Your objective
Print the whole listing below exactly, skipping every picture.

Supplied material
*****

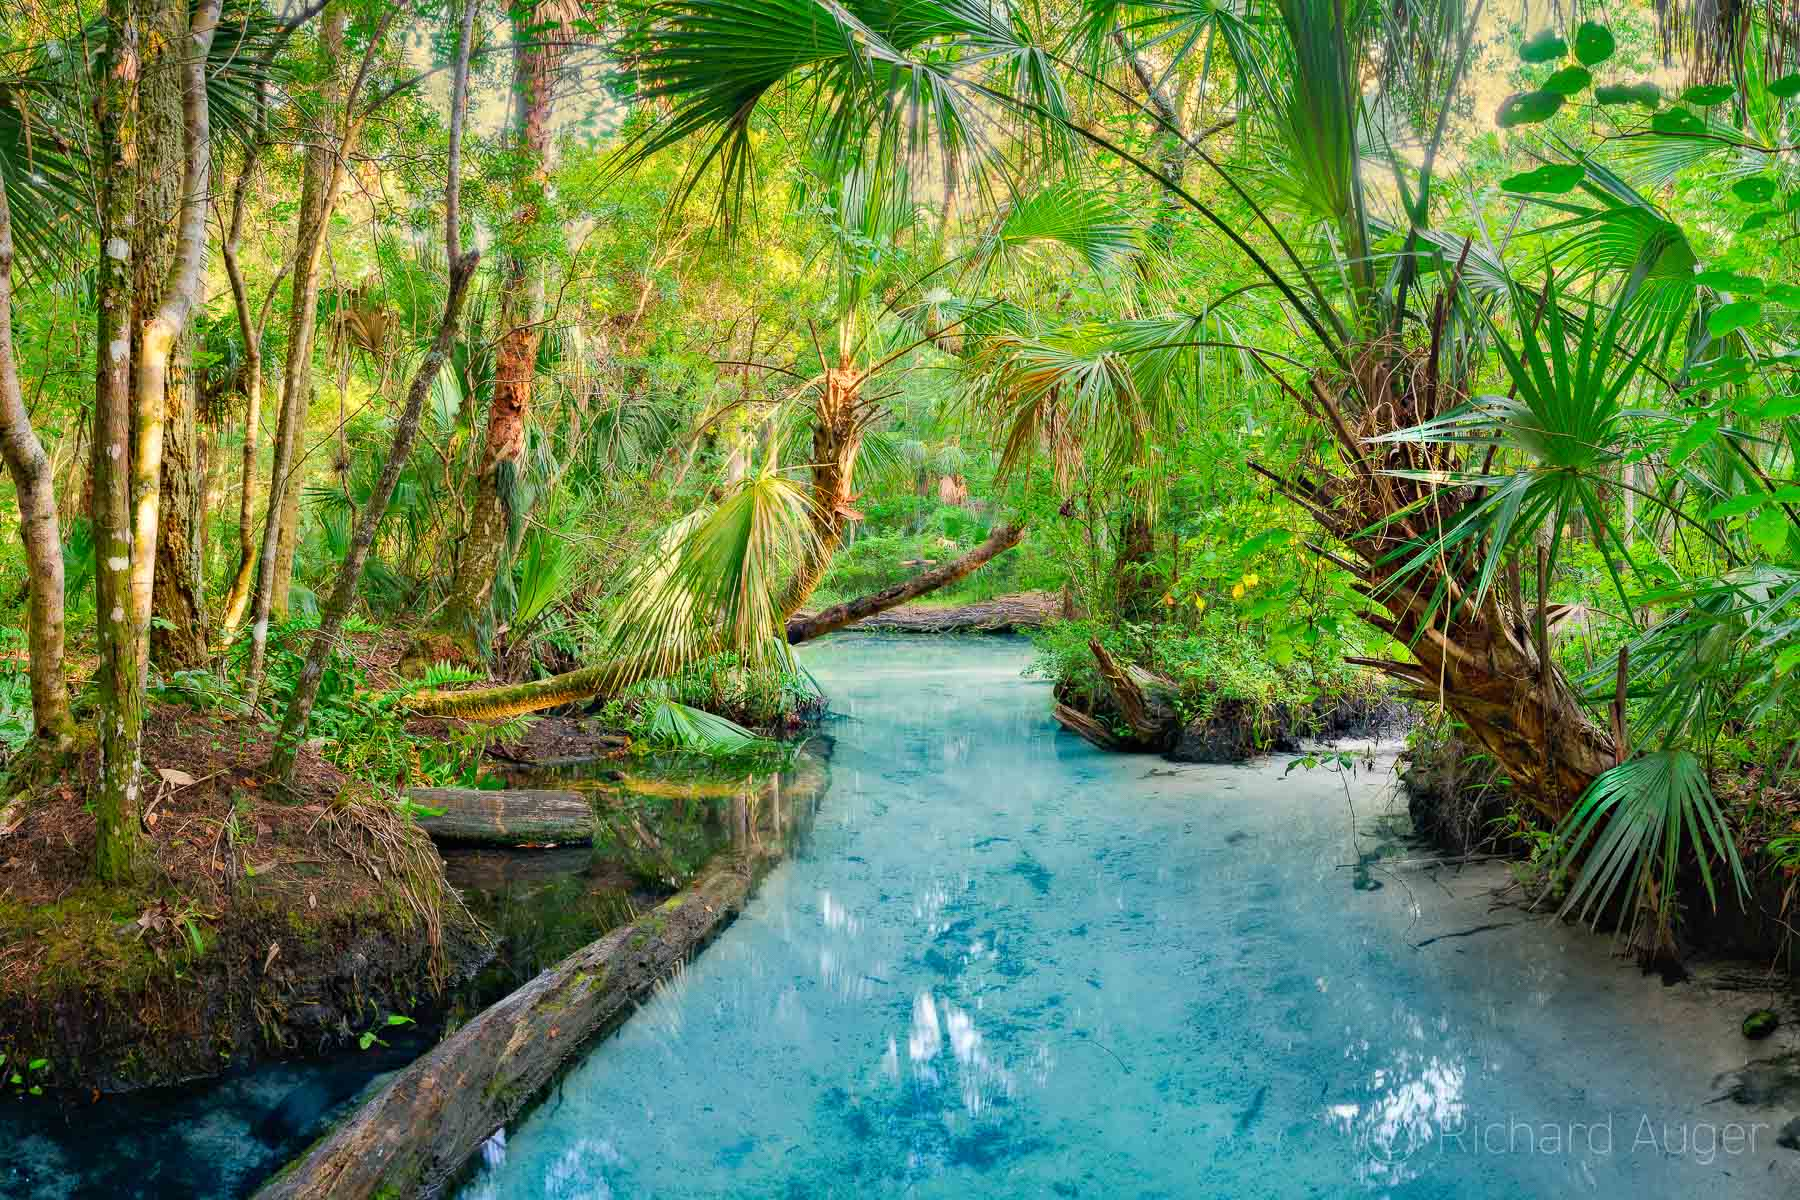 Chassahowitzka River, Baird Creek, Florida, Spring, kayaking, palm trees, nature, photograph, photo, photographer, landscape
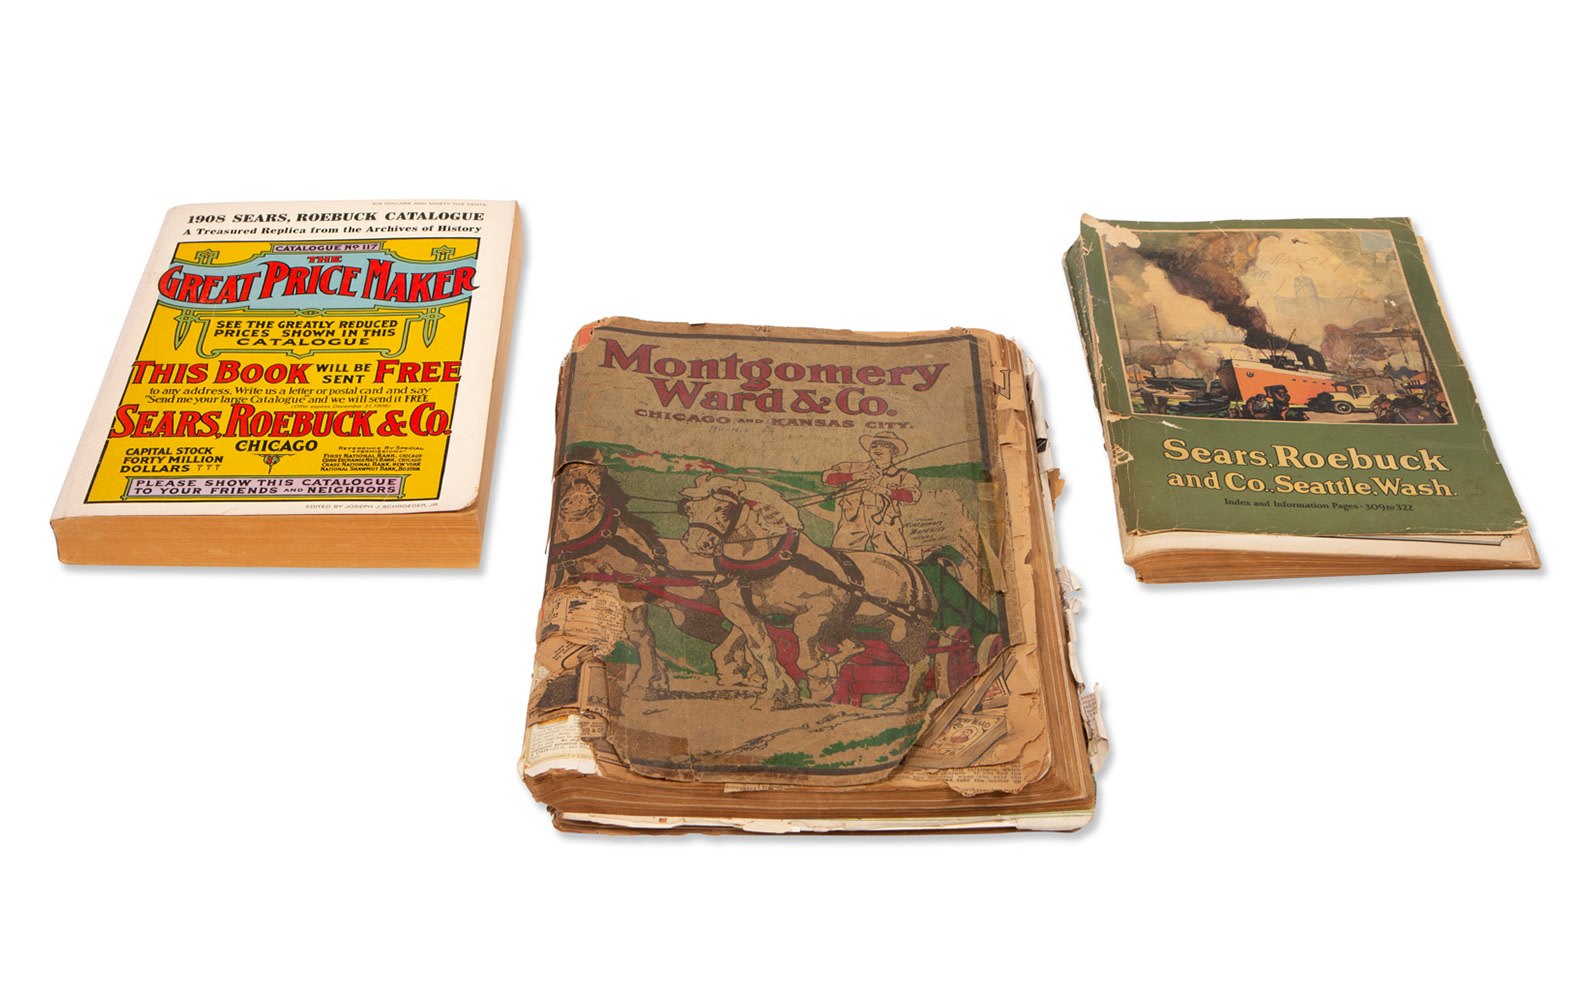 Montgomery Ward & Co. and Sears Roebuck & Company Catalogues, c. 1912–1924
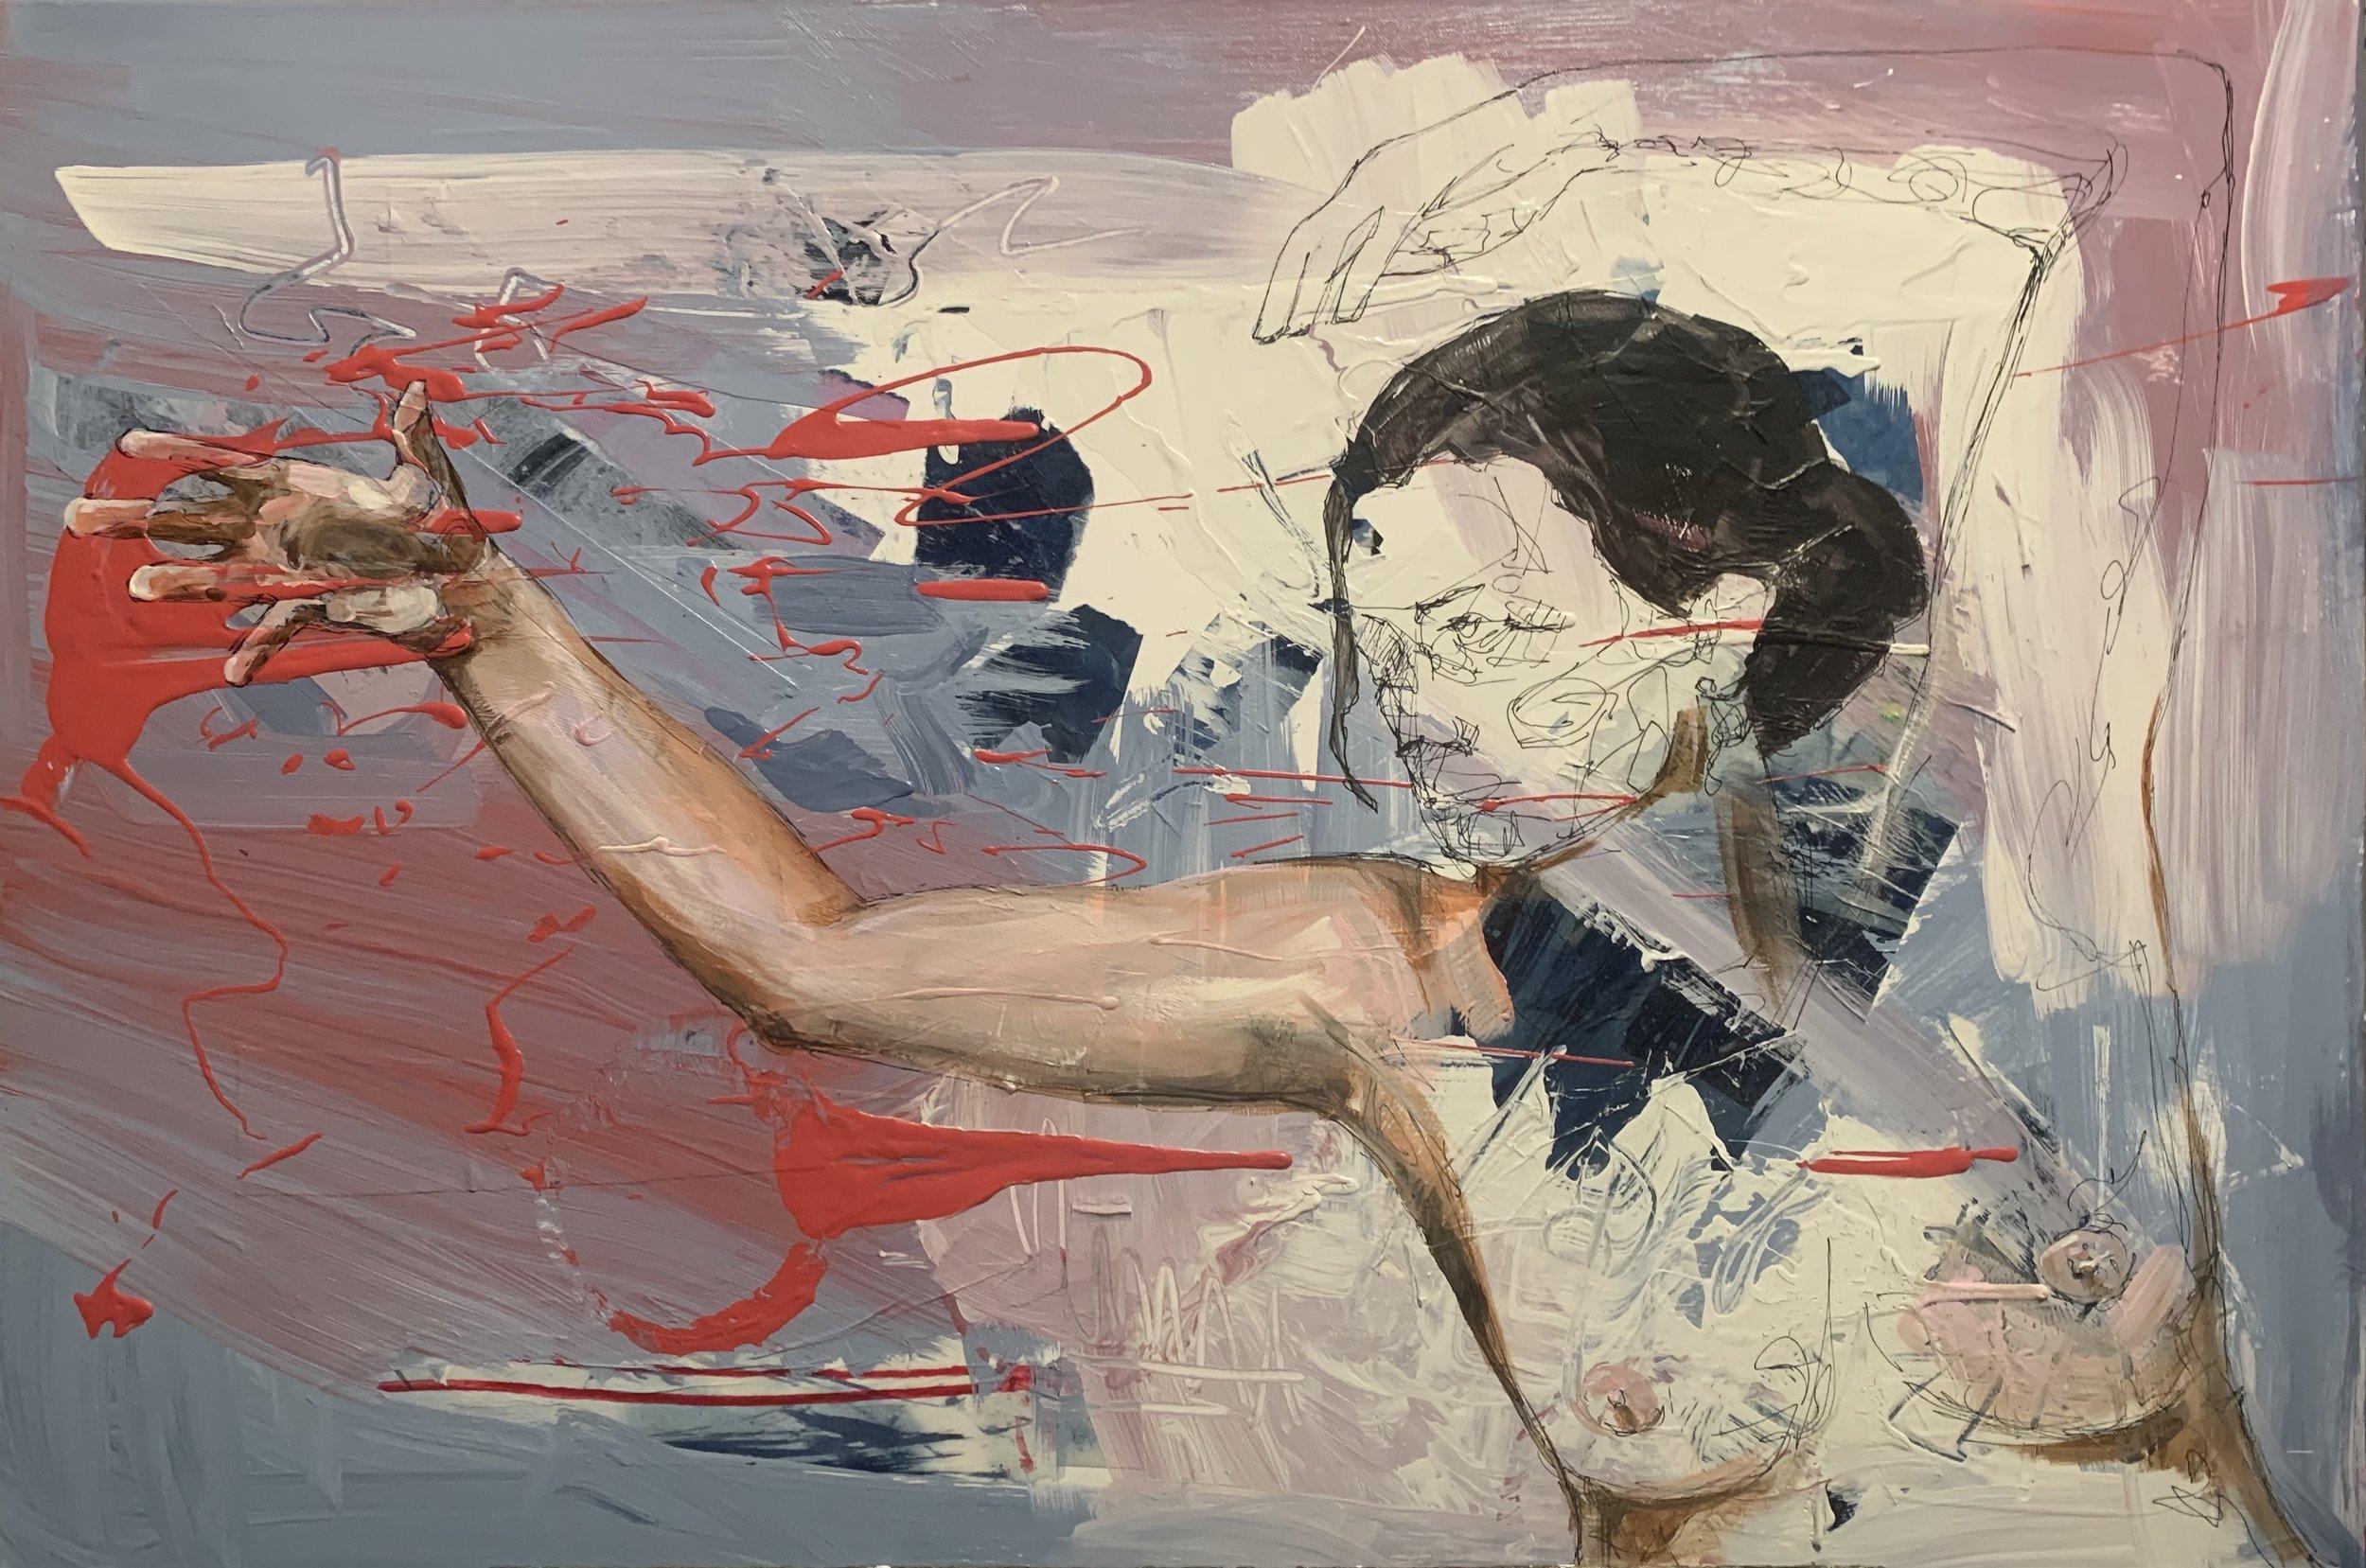 "Electric by Krista M. Jones  Medium: Mixed Media on Canvas  Size:36"" x 24'  Contact Krista for inquiries at  https://www.jonesyartatl.com/contact"

*****

Your solution
 Chassahowitzka River, Baird Creek, Florida, Spring, kayaking, palm trees, nature, photograph, photo, photographer, landscape
 Montgomery Ward & Co. and Sears Roebuck & Company Catalogues, c. 1912–1924
 "Electric by Krista M. Jones  Medium: Mixed Media on Canvas  Size:36"" x 24'  Contact Krista for inquiries at  https://www.jonesyartatl.com/contact"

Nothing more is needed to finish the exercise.